This is how old I will be on the 9th. Time is something that can fascinate me. Just a short stretch of 5 years ago, where was I? Having just moved back from Vancouver, fresh out of the most toxic relationship I had been in, the relationship that shook me to the core and woke me up out of a lifelong pattern of being with alcoholics, mental and emotional manipulators and abusers, I was just over a month into dating my now husband. I was starting a journey into a healthy relationship when I was anything but. A journey with an amazing human, best friend and life partner, that supports and gives me freedom to be me, and learn who me is.
Another 5 years before that? I was 27. In a relationship with someone who was a good person but unable to help themselves and incredibly negative. I had recently graduated my nurse aid course and having done over a year of home support, I was just venturing into long term care facility work. It seems so long ago yet just yesterday.
It amazes me how much I grow and change (and stay the same) in just a few short years. It makes me wonder where I will be at 42.

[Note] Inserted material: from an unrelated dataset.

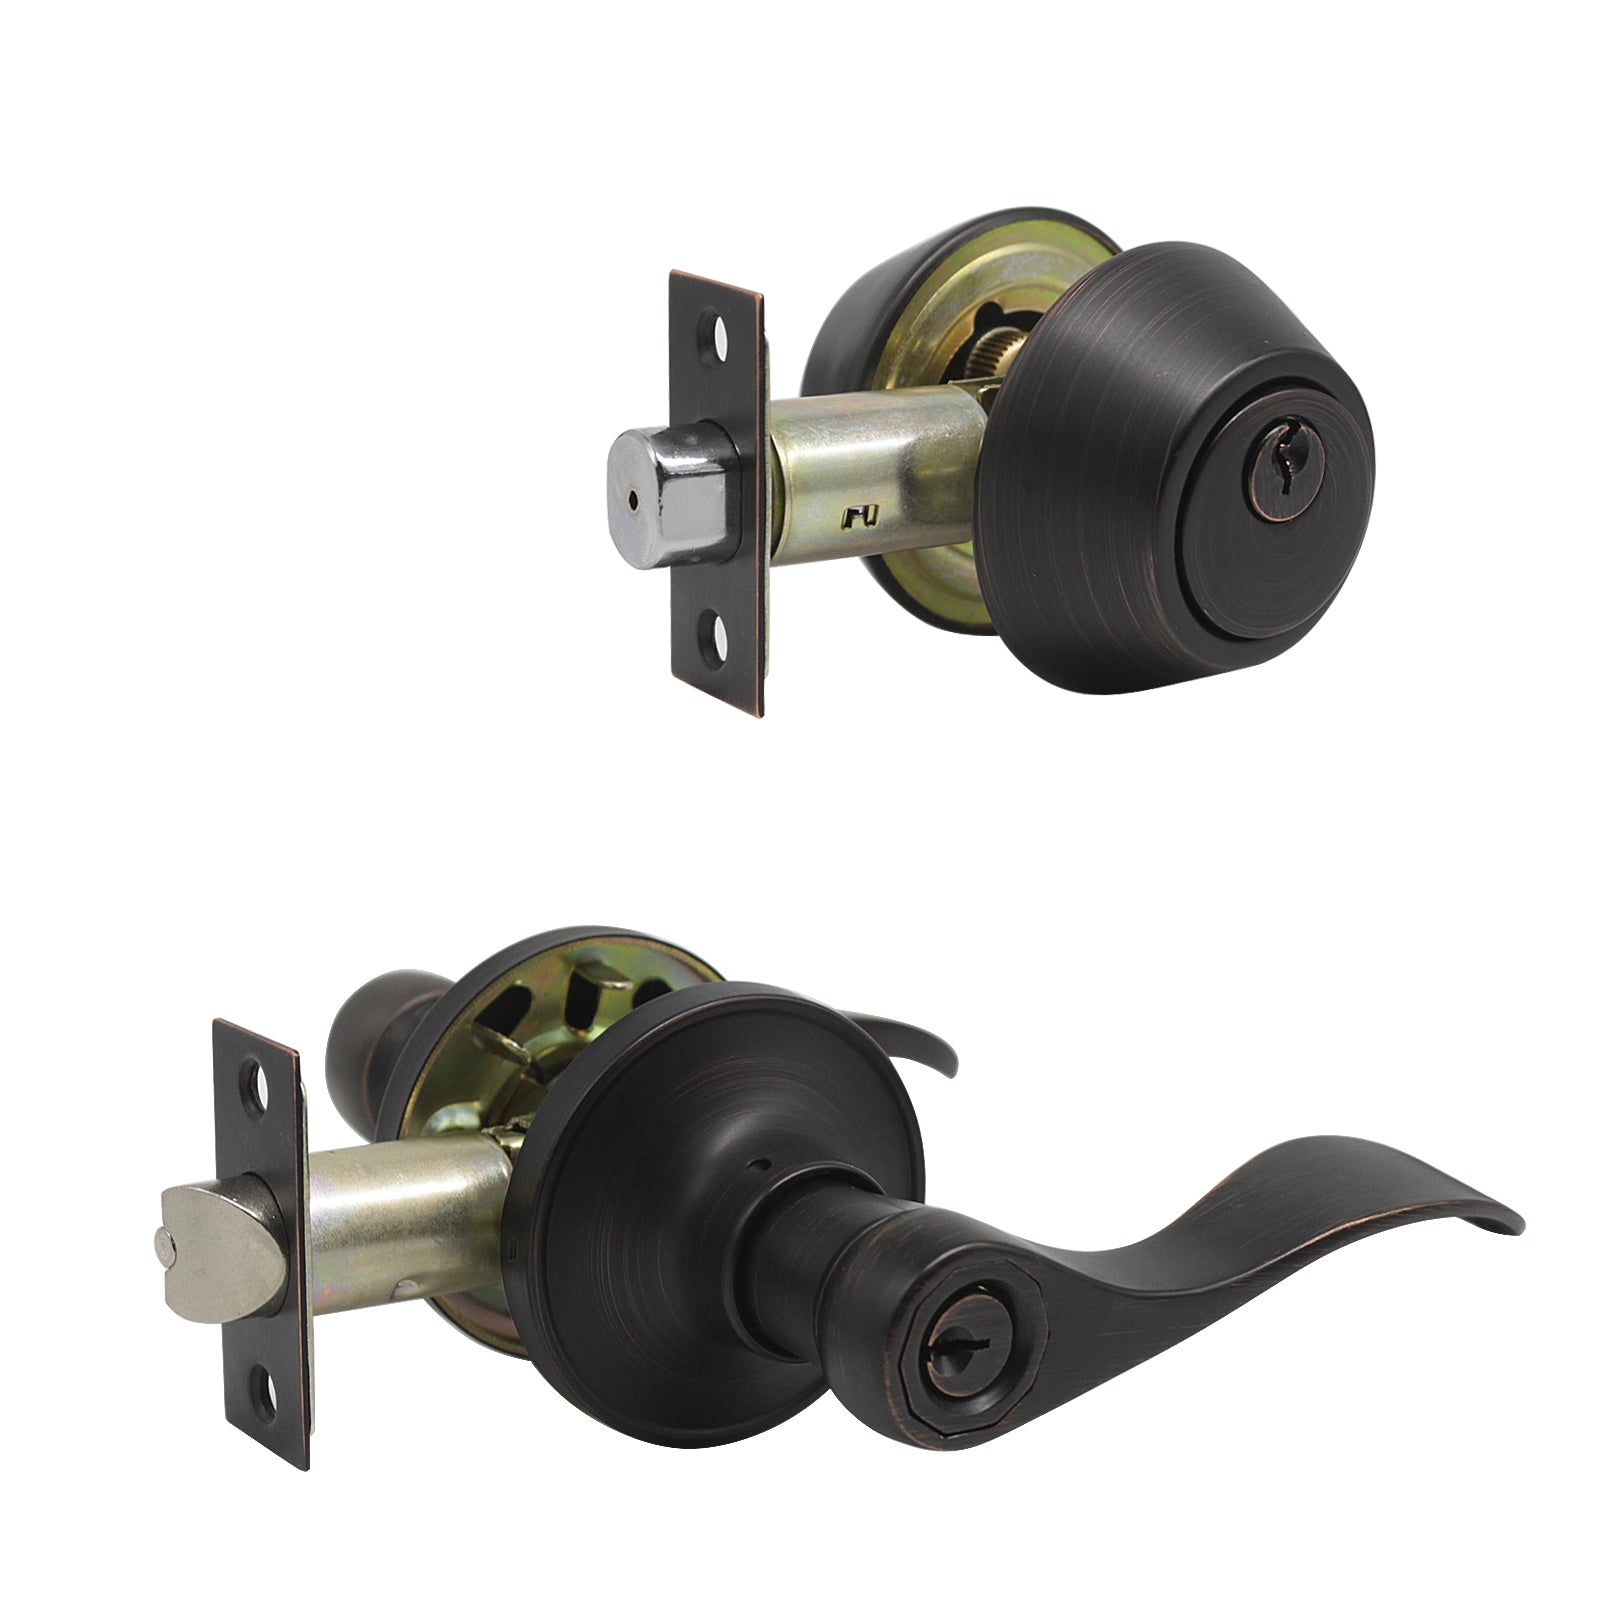 Entry Keyed Door Levers Lock with Double Cylinder Deadbolts Keyed Alike, Oil Rubbed Bronze Finish DL12061ET-102ORB - Probrico
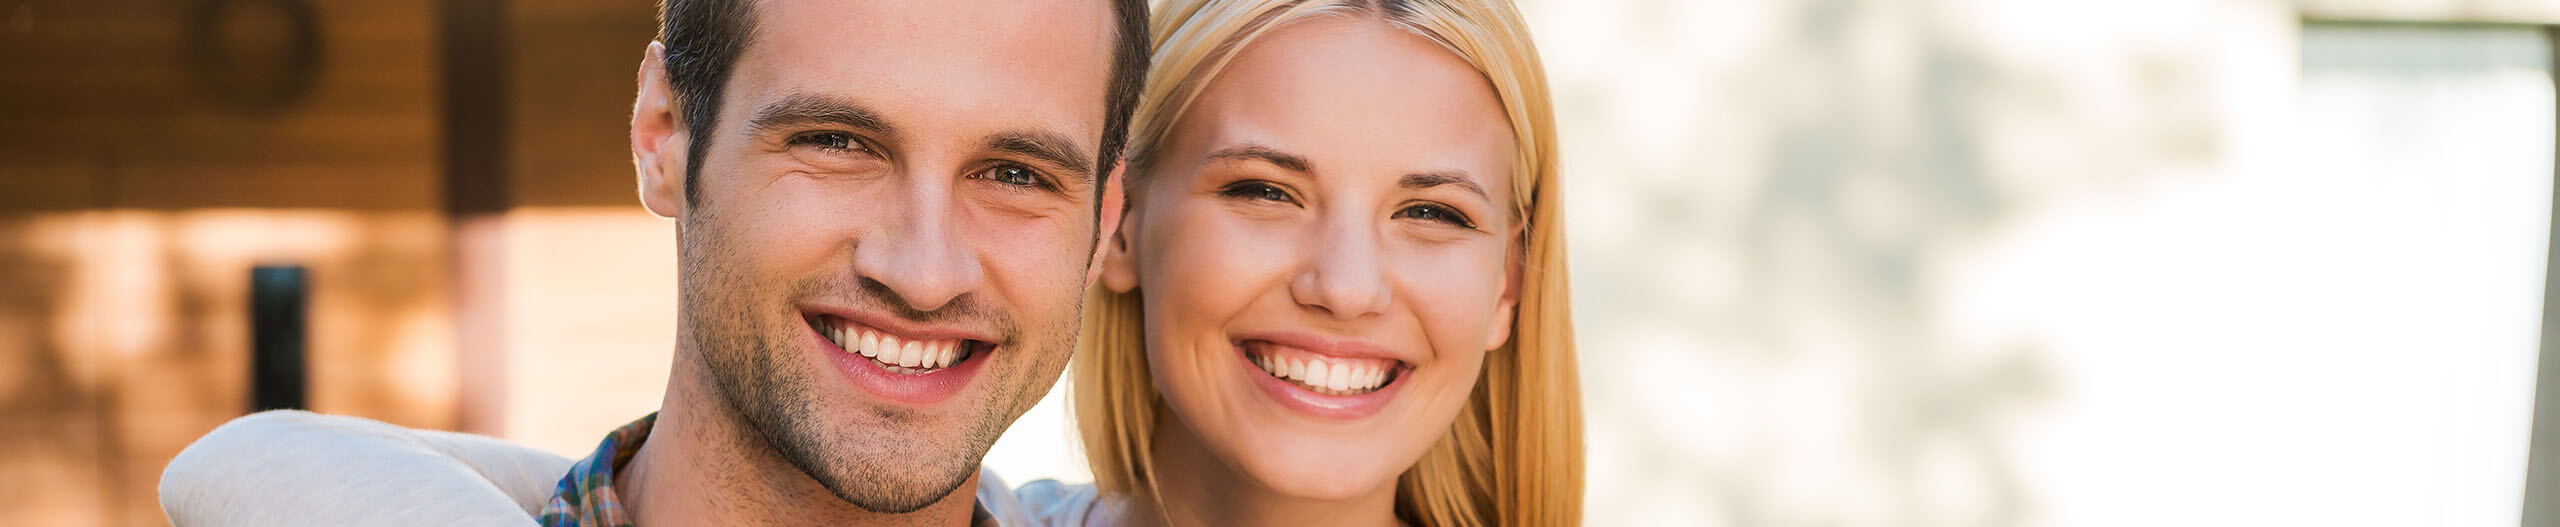 Young man and woman smiling

Anyhoo, I have officially signed up and paid for a bunch o school that all starts in September. I have a tax course to take. I manage a tax office, so it helps to know taxes a little bit :). I’m also taking a intro to management course at our main college here, because why not? I like school, and if I chose to continue managing, I would love some more tools for the job. Then Sociology. That ones just for me. Philosophy, sociology, psychology, all fascinate me, so I decided to start with an into to sociology as it fits my schedule well.
My daughter moved back home. I may die of not surprised. I’m glad she did. I’m also proud of her that she broke it off with her boyfriend. Seems odd to be proud of something like that but it lets me know that even if she cares for someone, if it’s not a good match, she has it in her to see that and act on it despite the pain. It also allows her to see that if someone breaks up with her, its not because the other person doesn’t care. She is however, taking a little too long for my liking with upgrading, as she quit her job to hit the books hard, but…… well, not so hard. I may have to make her get a part time job again if she continues to take too long.
Husband is stupid busy. It seems that whatever inflammatory disease he has, the pain lessens when using his hands. So go go go go go. I just worry about him overdoing it. However, he is happy to have the energy and drive and need to be busy as before he had barely any energy just to make it to work 5 days a week.
Animals. I love my furry guys so damn much. They are all mamas babies. I woke up the other day to the cat, Poe, sleeping on my back, Oona, the Boston, in between my legs and Charlie, the big goofball, draped up against me with his back paws by my head and his head and paw draped over my foot. All 3 whine and cry if they can see me but can’t get to me. They are Velcro.
We recently went to a family camping trip for my cousins dirty 30 and the dogs were amazing there. Off leash no problem. Staying with the pack, yup. Charlie however brought his great Pyrenees side with him and established the main pack to protect on day one, so when more people joined us the next day, he wasn’t a fan, so kept going from person to person with a sniff test, and if he felt they didn’t have the right permit to be with the core pack, he barked at them. So damn cute.